未来なきアーケードゲーム業界、敵は家庭用ゲームか?

確かに、今更何をと思われる話題かもしれない。
家庭用機器の機能向上で、アーケードゲームは質の変化を迫られた。高級化、体感ゲームの台頭、カードゲームの台頭、リアルタイム通信といった家庭用にない機能を盛り込み、継続してプレイを促す面白さでどうにか食いつないできた。新作が一堂に会するイベントも行われ、年末に向けまた盛り上がる…はずであった。
多様な機器が揃い、多くの人が集まって遊ぶ場所として生きながらえてきたアーケードゲームが今、イベントの話題ですら表に出ないという非常事態を迎えている。


昨日9/14の「Wii Preview」は多くの人々が固唾を呑んで見守ったものと思われる。かくいう筆者もそのひとりであるが、同日にアーケードゲームの見本市「AMショー」が初日(業者日)を迎えていた。
世間の注目度は前者の方がはるかに上なのは明らかで、今日は新聞の1面でもWiiの話題を掲載している。
ファミ通の最速情報ブログも当初はAMショーの話題を掲載していたが、午後1時半までに更新された内容は、やれコンパニオンがどうだ、という内容の無いものがほとんどであった。
そのブログも話題がWiiに移ると、更新当初は記事のタイトルから「Wii」の文字が消え、もうAMショーのことは眼中にありませんという構え(現在はタイトルに文字が付加されている)。実際、「Wii Preview」での発表は期待を大きく膨らませるものであったことは、ネット上の反応を見ても明らかといえる。
対するAMショーでの注目作は、巨大なドーム型画面を持つ筐体に乗り込んでガンダムを操って戦う「~ 戦場の絆」や、もともと狭い市場であったカードゲームをアーケードに持ち込んで客層拡大を狙った「アクエリアンエイジ」くらいであった。他は続編や版権ゲーム、何匹目かわからないドジョウを狙った「脳」ものなどで、目新しい動きもほとんどなかった。新生コンパイルの新作「の~みそコネコネパズル たころん」もWiiでの発売がすでに決定しているなど、いつにも増してお寒い内容であった事は否定できない。
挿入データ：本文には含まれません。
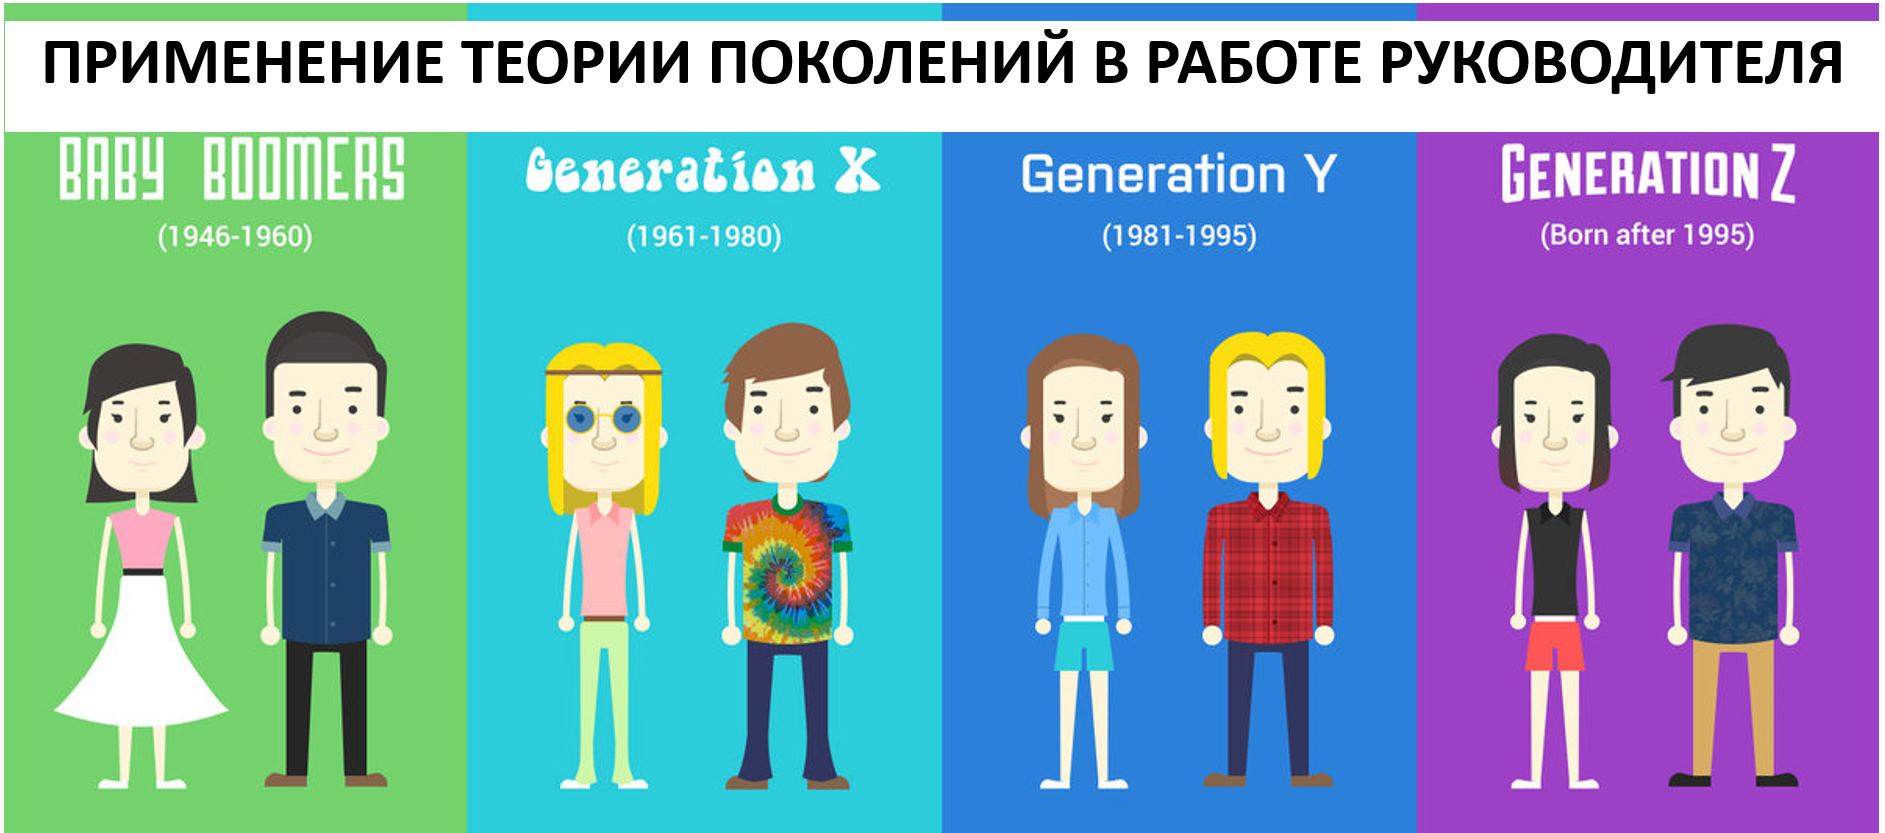 Generation means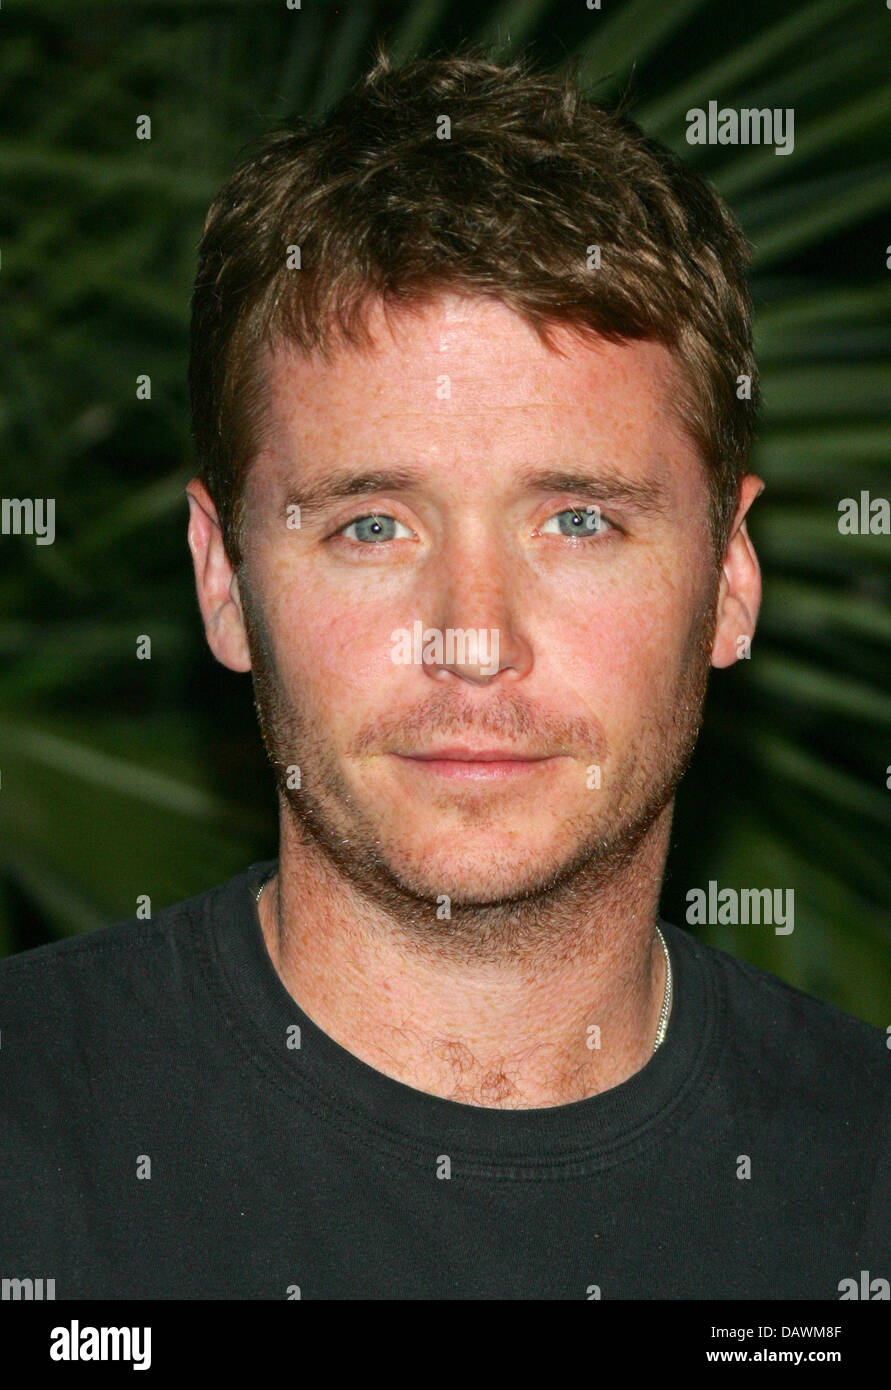 US actor Kevin Connolly smiles to the cameras as he arrives for the 40th anniversary party of US film company 'New Line Cinema' in Cannes, France, 22 May 2007. Photo: Hubert Boesl Stock Photo

このためAMショーの話題は、Wiiの下に完全に埋没した。
何よりも驚いたのは、WiiのバーチャルコンソールにMSXのソフトが参入するという事実が、完全にネットの話題をさらっているという事実。今日、Wiiとは直接関係のないはずである「MSX」が、「はてな」の注目キーワードでなんと2位になっていた。公演中では一言しか触れられなかった上、世間的に失敗とまで言われたMSXが、である。アーケードゲームはすでに蚊帳の外という印象だ。
追い討ちをかけるかのごとく、AMショー2日目となる今日は、セガがコンシューマ戦略発表会を行っている。当然、注目ハードであるWii、DSのソフトも展示されている。アーケードマシンに関与していない任天堂はともかく、アーケードも事業の柱であるセガがなぜこのようなことをするのか、理解に苦しむ。
確かに、AMショーは実際にゲームをするプレイヤーよりも、ゲームの納入先である業者がターゲットのイベントである。しかし、プレイヤーに話題が提供できないと、プレイヤーからも「あのゲームが欲しい」という提案が店側にできない。プレイヤー間で話題にならないのでは、判断材料が失われる。
土曜日に一般入場日も設定されているわけではあるが、この状態では業者日の情報を見て、「見に行ってみようか」というプレイヤーも減るのではないか。
同じく飛躍していくべきアーケードゲーム、家庭用ゲーム。しかしイベントの日取りひとつとっても、家庭用ゲームはアーケードゲームを潰しにかかっているようにしか見えない構図だ。
少なくともイベントの日くらいはお互いを避けるものだと思っていたのだが、今回ばかりはあまりにも酷い。
筆者はアーケードゲームが好きだ。しかし、この現実の厳しさには思わず目を覆いたくなってしまう。
任天堂が仕掛けたパラダイムシフトは、意外な方向に向かっている気がする。
それは「外でなく」「家のみんなで」ゲームをしよう、という任天堂が発表した「新しい生活」に見え隠れしているようで…。